Closed JieLuChen closed 7 months ago
We only use RhythmRegulator here because we have no extra information about the phoneme sequence; we do not know which are vowels and which are consonants. The only thing we know is the word-level phoneme division (the ph_num
). If your suggested implementation require extra information, e. g. phoneme categories, then it may not be suitable for this repository. Introducing these things will make this repository too complicated, but I want it simple and focusing on algorithms.
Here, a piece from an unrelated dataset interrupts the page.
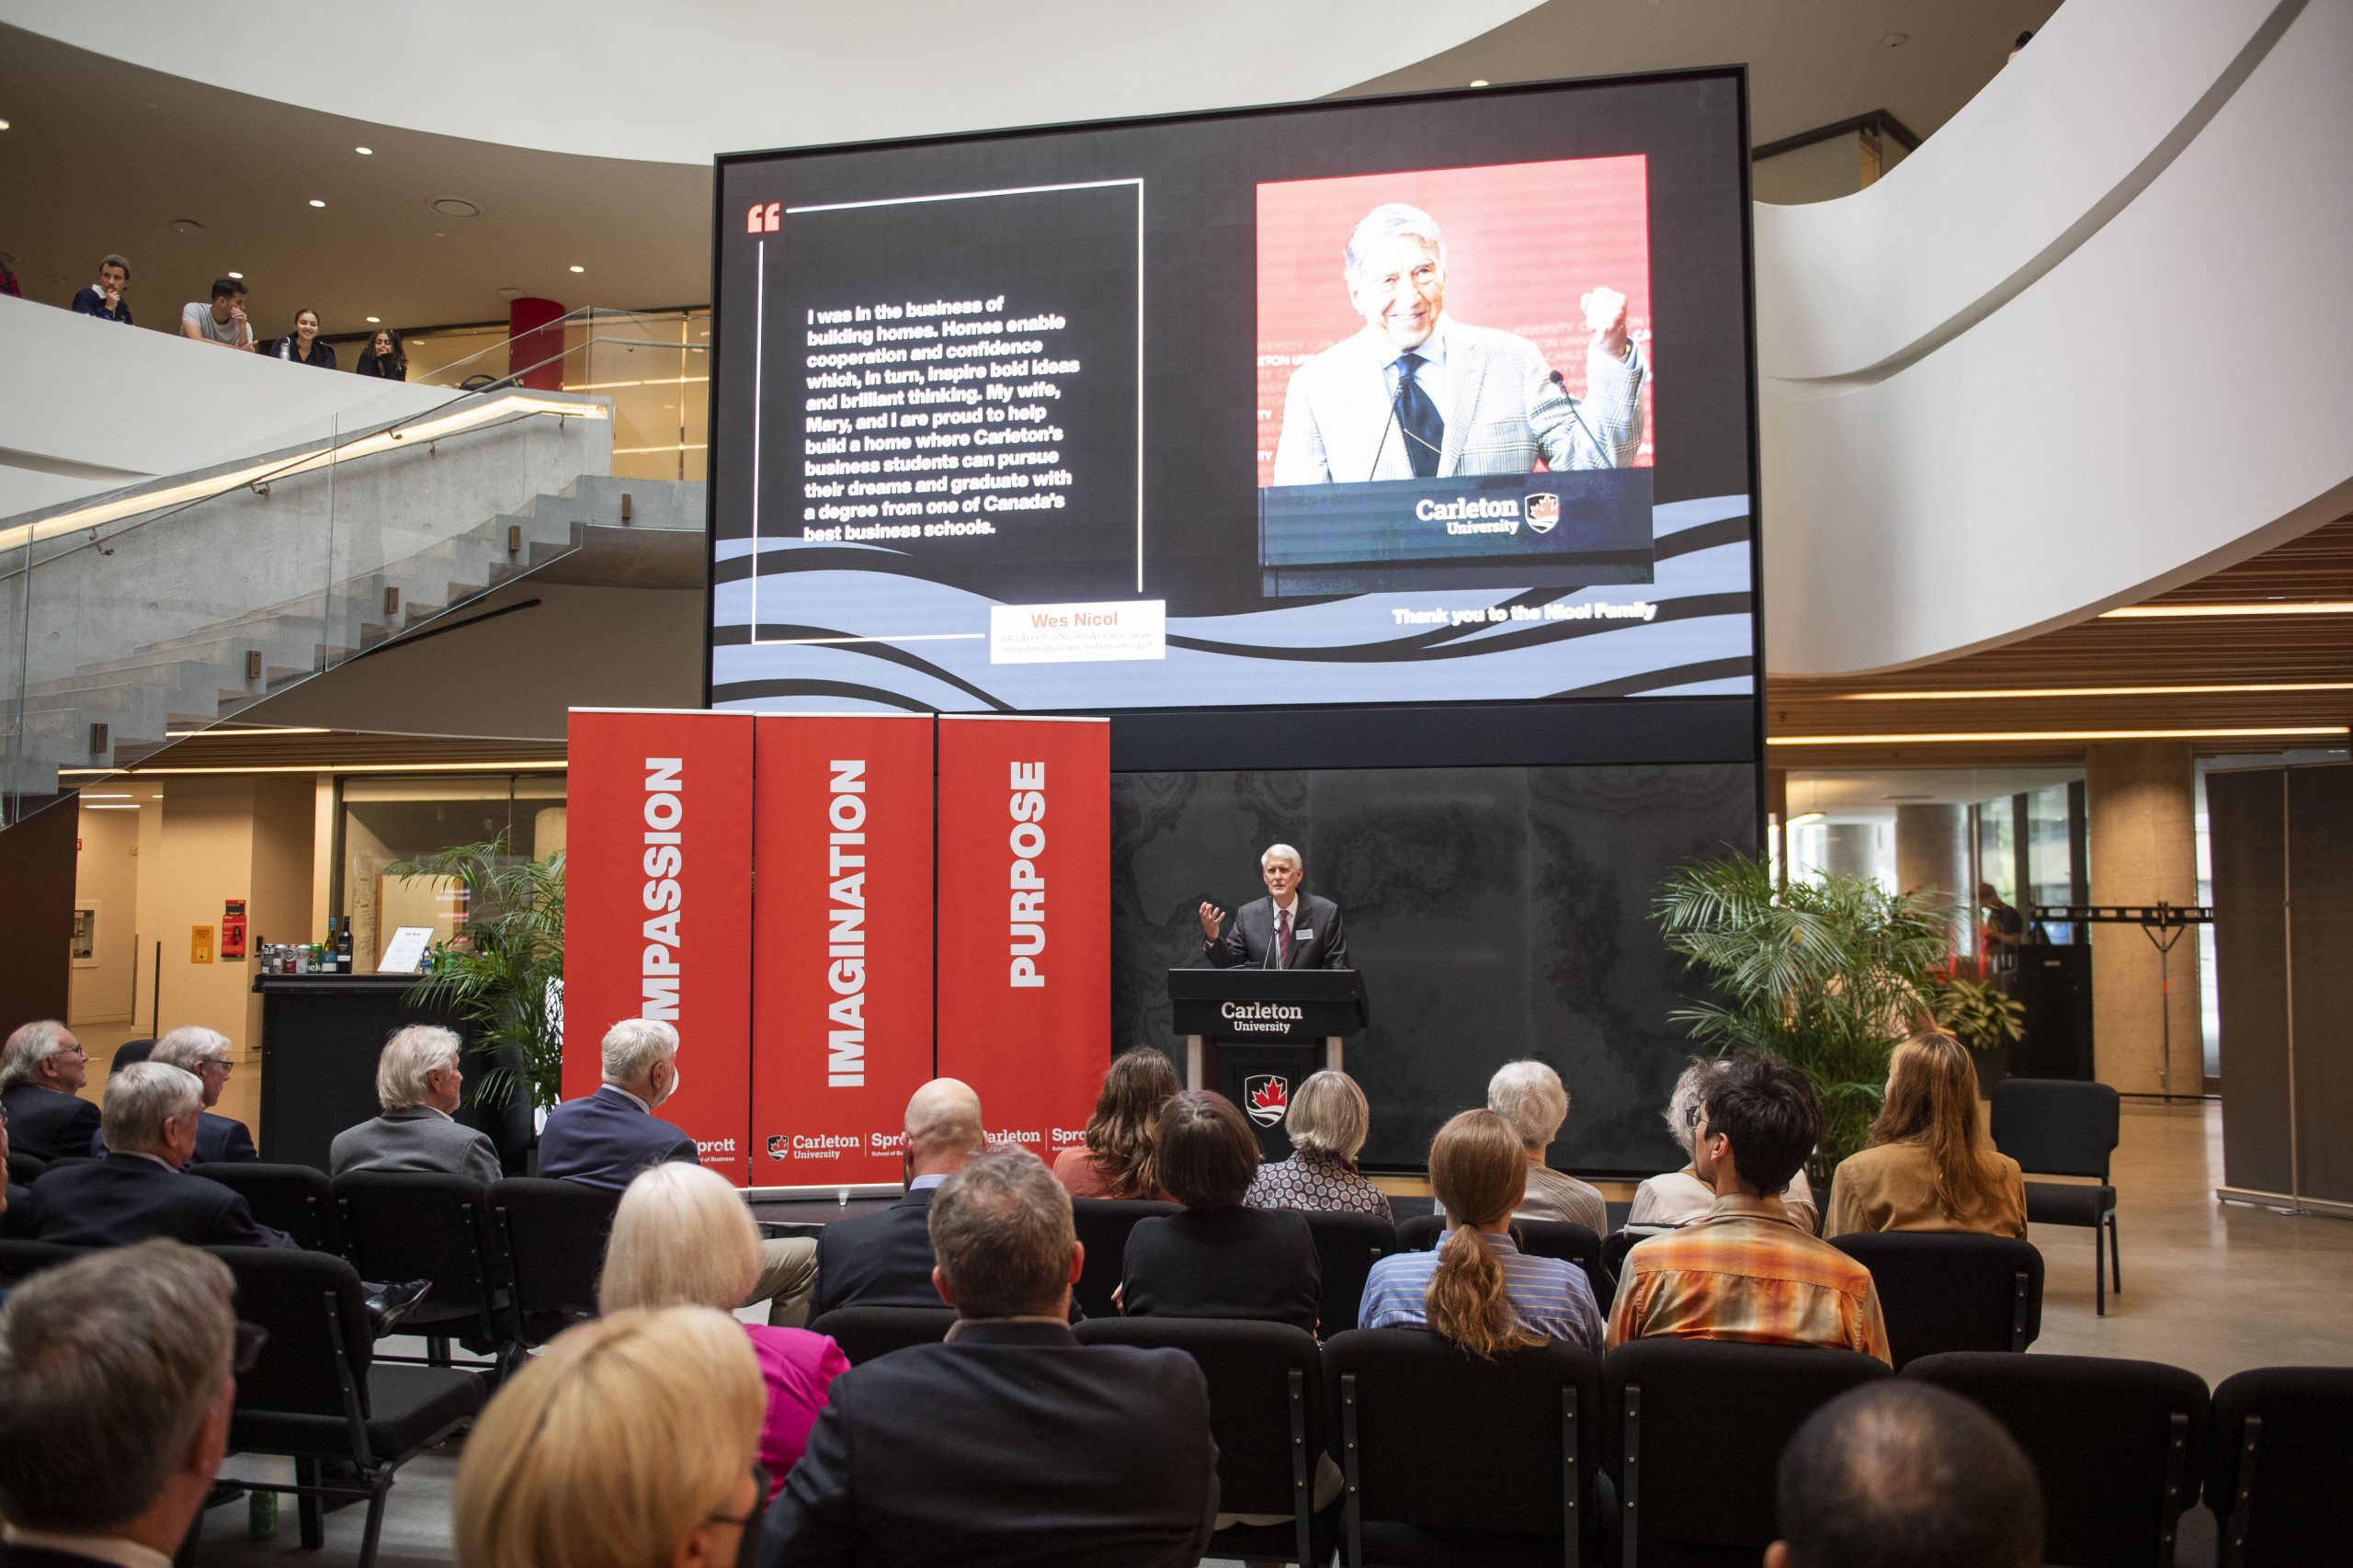 Carleton's Provost on stage in the atrium providing a speech in front of a screen with an image of Wes Nicol.

By the way, the higher rhythm_corr
you get on TensorBoard, the less impact will the forced alignment bring to the durations. In one word, however, the CLI inference is only for basic tests of the model, and it is the OpenUTAU's task to deal with further deployments.
So OpenUTAU does the following alignment --> aligning borders between consonant and vowels to notes Does ds_variance.py also do this implicitly with LengthRegulator and RhythmRegulator?
Or are these two completely different approaches and which one yields better results? Or is it that OpenUTAU (as it is post inferred timings it is an extra alignment process?)
If it is an extra alingment process (in openUTAU) can this be applied to ds_variance.py?
UPDATE So it looks like ds_variance.py uses the RhythmRegulator() to correct imings generated by the duration model. But it seems like this does not perform as well as timings alignment as done here (aligning borders between consonant and vowels to notes) https://github.com/xunmengshe/OpenUtau-phonemizers/blob/master/EnunuOnnxPhonemizer/EnunuOnnxPhonemizer.cs
@yqzhishen are you able to implement this timings alignment in ds_variance.py or update RhythmRegulator()?